Разговор происходил через много лет после нашего знакомства, а в тот первый псковский вечер у всех было легкое летнее настроение. Белой ночью возвращались мы от Смирнова, пели какие-то хорошие песни. Я думал: какое же счастье, что все-таки существует связь времен и поколений. И я, барачный мальчишка, закончил университет, работаю реставратором и иду рядом с человеком, у которого была такая трудная жизнь, но который вместе с нами шутит, поет. А мы пытаемся соответствовать, но это совсем не в тягость.

Наутро мы поехали в Псково-Печерский монастырь, оттуда в Изборск — город, который Гумилев еще в лагерях сделал полигоном своих научных теорий, поскольку именно здесь сконцентрировалась вся начальная история Русского государства.

Мы шли в сторону Малов, говорили о далеких столетиях. Лев Николаевич внимательно посмотрел на меня и сказал: «Савелий Васильевич, когда вы там в звоннице на кальке лежали, я подумал, что с вами можно быть откровенным. Вы всегда, когда в Петербурге будете, — милости прошу, я буду рад».

Во время той же прогулки по Изборской долине я услышал от него слова, всю мудрость которых мне еще предстояло оценить. А сказал Лев Николаевич так: «Вы занимаетесь реставрацией памятников, изучением древнерусской живописи, организуете выставки. Это очень важно и хорошо. Но если вы пишете, скажем, о псковской иконе XV века, вы должны знать, что в это время происходило в Париже, в Лондоне, в Пекине. Только так можно правильно осознать смысл псковского памятника. Настолько тесно все было связано тогда, да и во все другие периоды. Знать надо обязательно».

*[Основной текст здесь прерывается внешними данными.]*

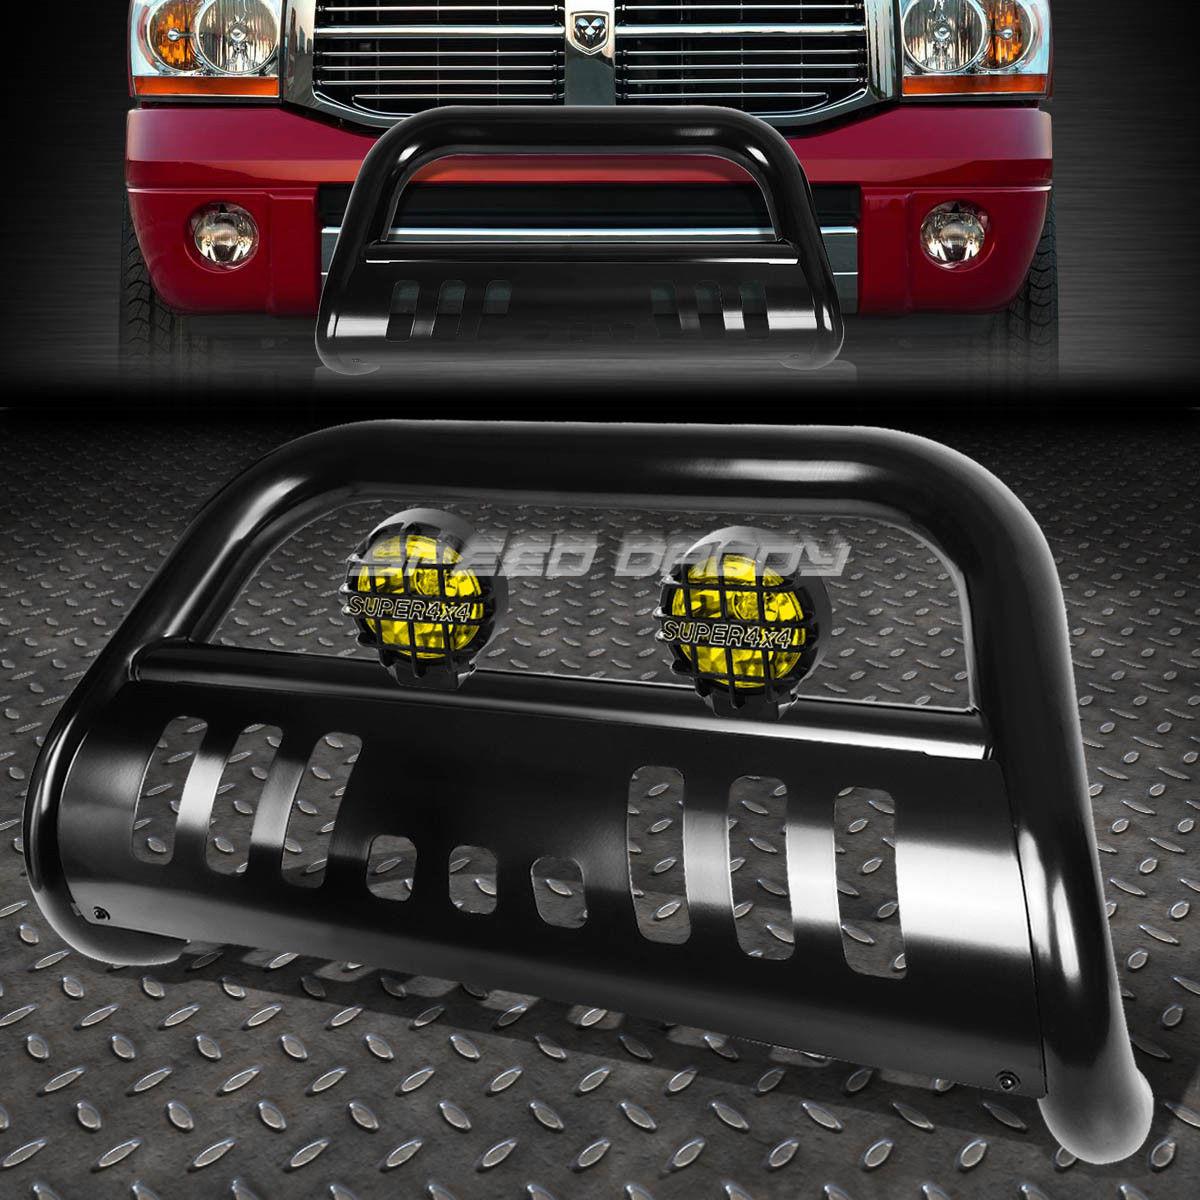 フォグライト BLACK BULL BAR GRILLE GUARD+YELLOW FOG LIGHT FOR 02-09 DODGE RAM 1500/2500/3500 BLACK BULLバーグリルガード+黄色のフォグライト02-09ダッジRAM 1500/2500/3500

Совет Льва Николаевича Гумилева важен не только для искусствоведа, историка. Это ключ к пониманию многообразия жизни. Только если твое представление о мире не ограничено рамками специальности, или конфессии, или партийной идеологии, ты способен воспринять другую культуру, другое мнение. И тогда не возникает желания отлучить православного священника от паствы за то, что он общался с католиками, и в «Мадонне» ван Эйка видят не бесовство — творение гения. Бесовство — это когда на снарядах, которыми бомбят мирную маленькую страну, пишут «поздравление» с Пасхой...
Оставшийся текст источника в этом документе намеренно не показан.